Without input.headers, all headers pass through unchanged. When specified, the same Zod 4 rules apply, with one twist: validated header values are always merged over the original request headers, so caller-supplied pass-through keys survive schemas that would normally strip them.

// No header schema - all headers pass through unchanged
craft()
  .id('api-handler')
  .input({ body: z.object({ id: z.string() }) })
  // input.headers not specified - all headers preserved
  .from(direct())
  .process(handleRequest)

// z.looseObject() - validate required headers, keep extras
craft()
  .id('api-handler')
  .input({
    headers: z.looseObject({
      'x-tenant-id': z.string().uuid(),
      'x-trace-id': z.string().optional(),
    }),
  })
  .from(direct())
  .process(handleRequest)

// Passes: { 'x-tenant-id': '...', 'x-other': '...' } (validates x-tenant-id, keeps x-other)

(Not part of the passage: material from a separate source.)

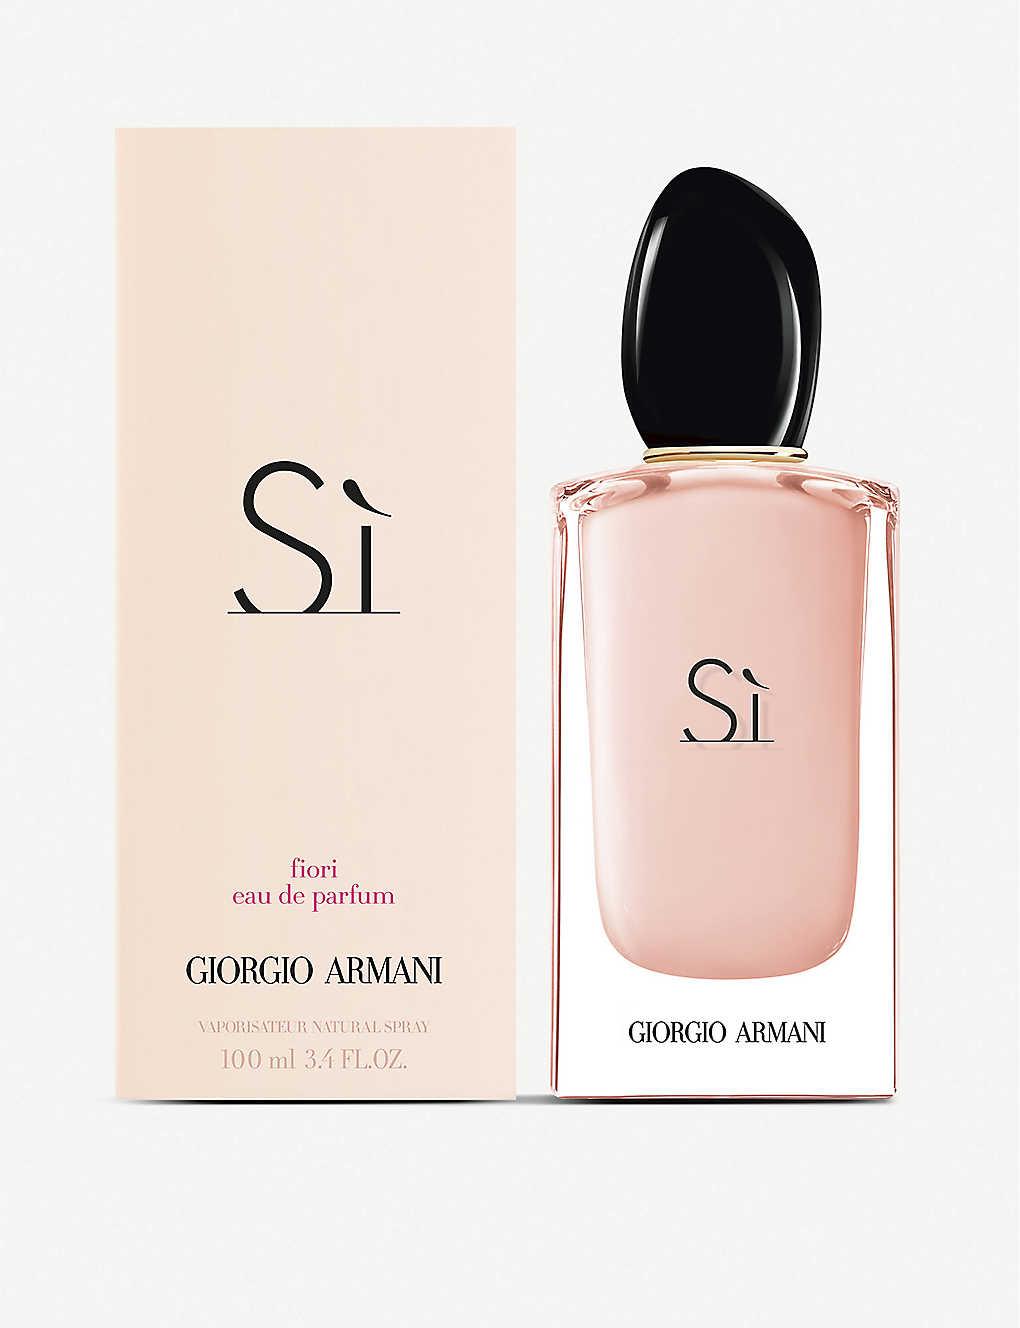 GIORGIO ARMANI: Si Fiori eau de parfum, 100ml
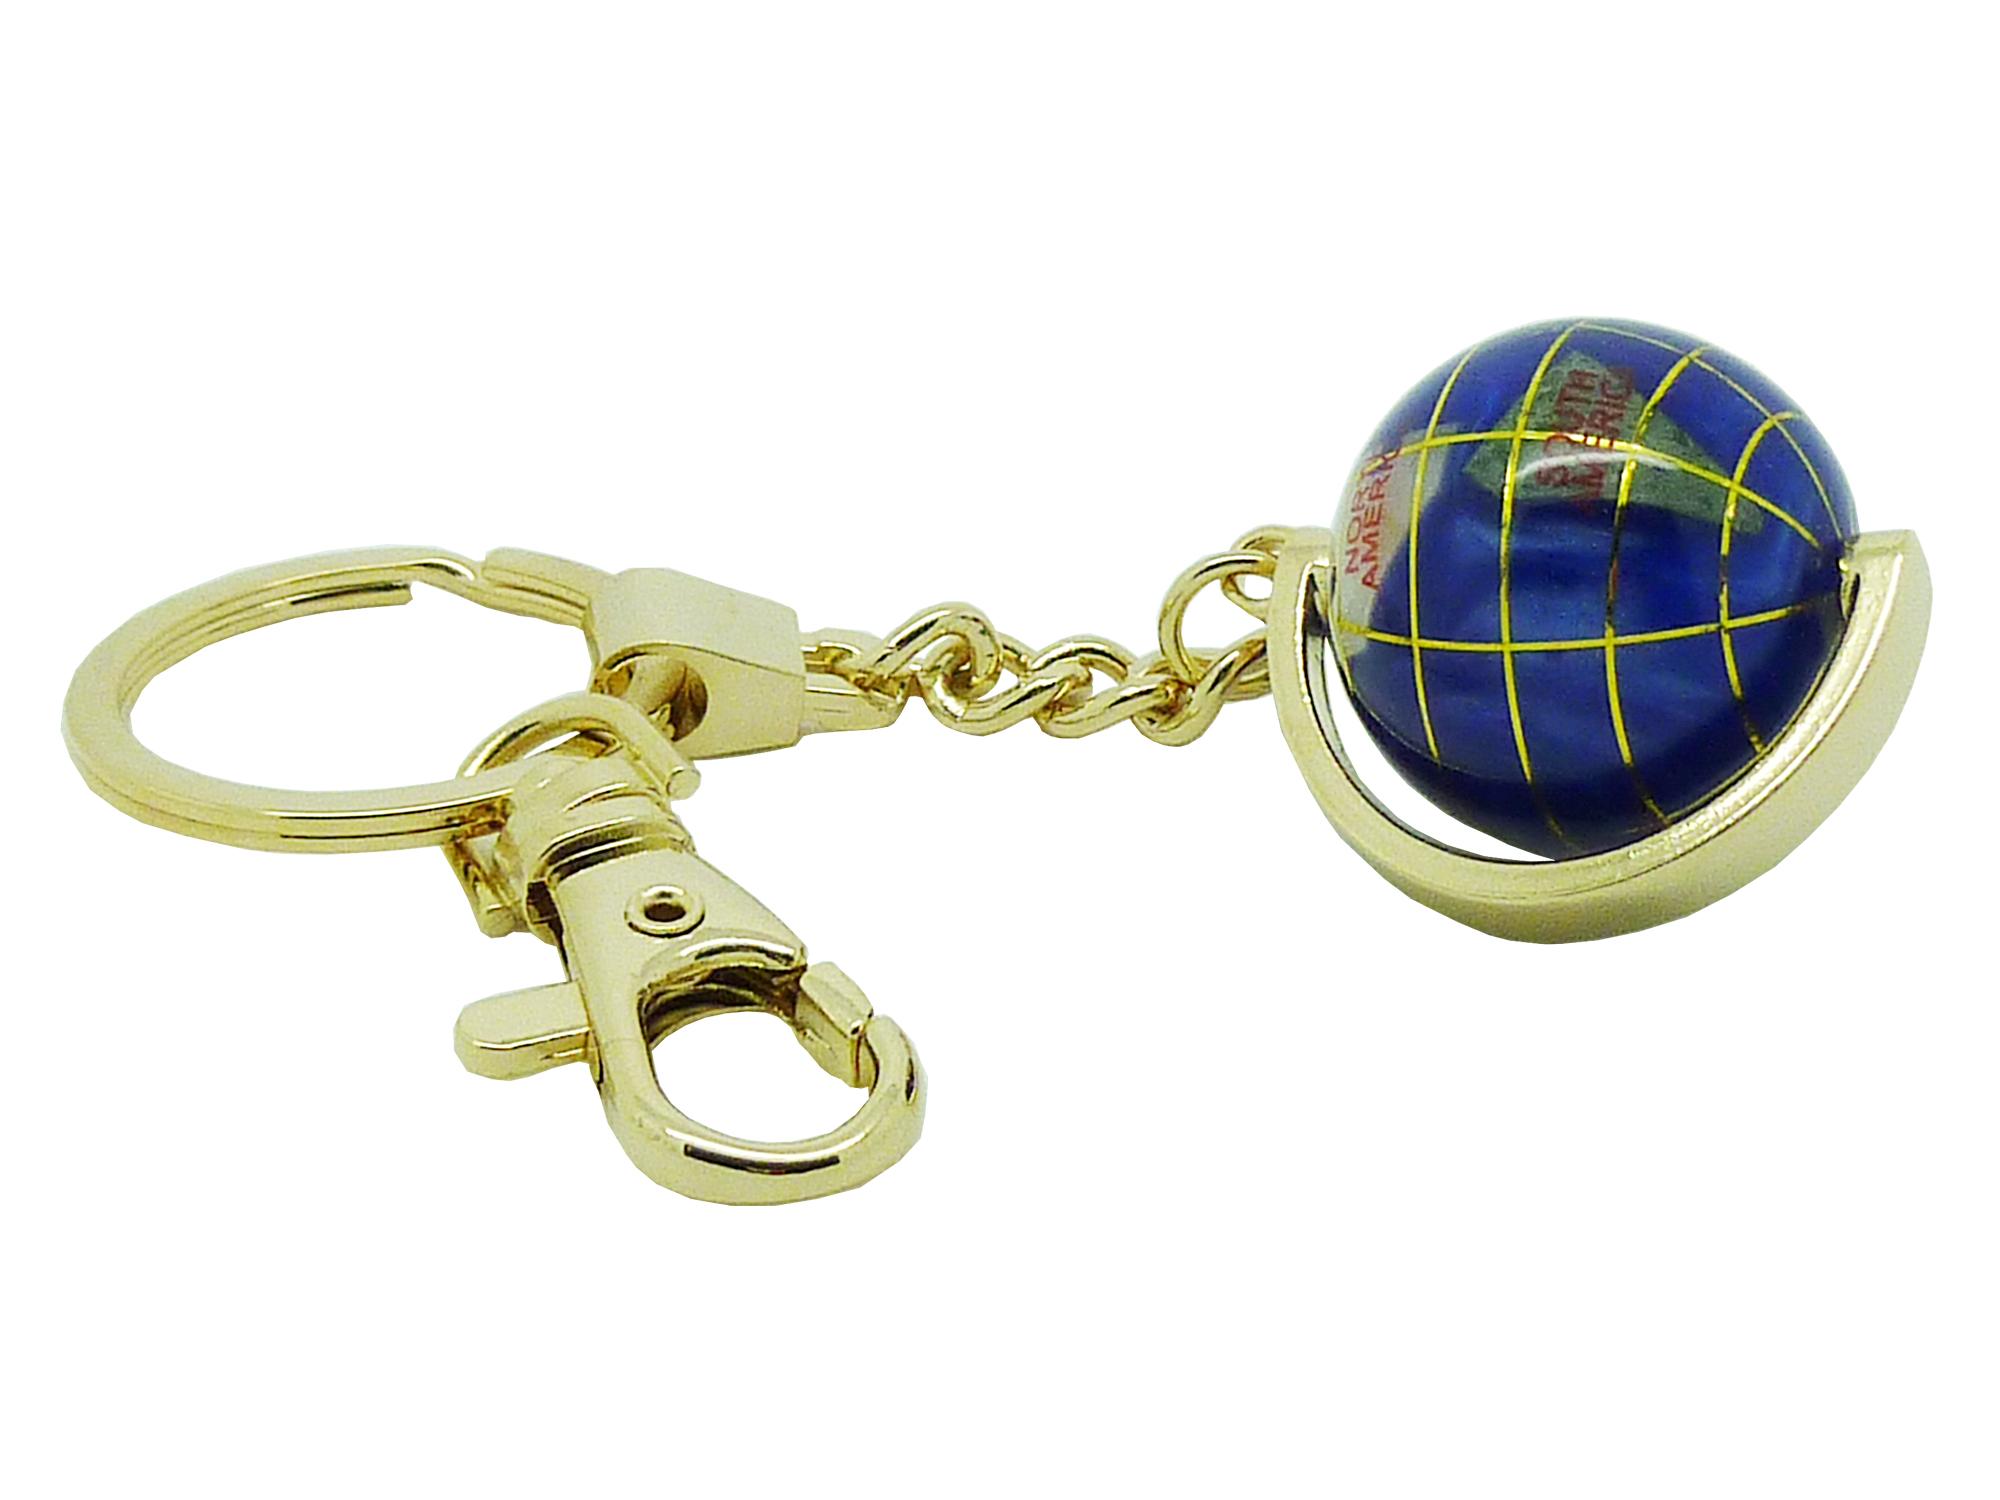 Globe terrestre porte clés doré en pierres fines bleu navy

// z.object() - validate declared headers; merge preserves pass-through keys
craft()
  .id('api-handler')
  .input({
    headers: z.object({
      'x-tenant-id': z.string().uuid(),
    }),
  })
  .from(direct())
  .process(handleRequest)

// Passes: { 'x-tenant-id': '...', 'x-other': '...' } (x-other preserved via merge)

Schema Coercion

Validated values are used (schemas can transform data):

const schema = z.object({
  userId: z.string(),
  createdAt: z.coerce.date()  // Transforms string to Date
})

craft()
  .id('processor')
  .input({ body: schema })
  .from(direct())
  .process((data) => {
    // data.createdAt is Date, not string
    console.log(data.createdAt.getFullYear())
  })

Validation occurs on consumer side only. Producers send data unchanged; consumers validate on receive.

Route Registry

Each direct route registers in ADAPTER_DIRECT_REGISTRY so in-process agents can discover and document the routes available in the current context:

import { ADAPTER_DIRECT_REGISTRY } from '@routecraft/routecraft'

craft()
  .id('fetch-content')
  .title('Fetch content')
  .description('Fetch and summarize web content from URL')
  .input({ body: z.object({ url: z.string().url() }) })
  .output({ body: z.object({ summary: z.string() }) })
  .from(direct())
  .process(fetchAndSummarize)

// Later, query registered routes from context
const ctx = await new ContextBuilder().routes(...).build()
await ctx.start()

const registry = ctx.getStore(ADAPTER_DIRECT_REGISTRY)
const routes = registry ? Array.from(registry.values()) : []
// [{ endpoint, title?, description?, input?, output? }]

The direct registry stores only the direct adapter's own metadata. Other adapters that expose routes externally (such as mcp() or a future inbound http()) maintain their own parallel registries; they are never written to or read from the direct registry.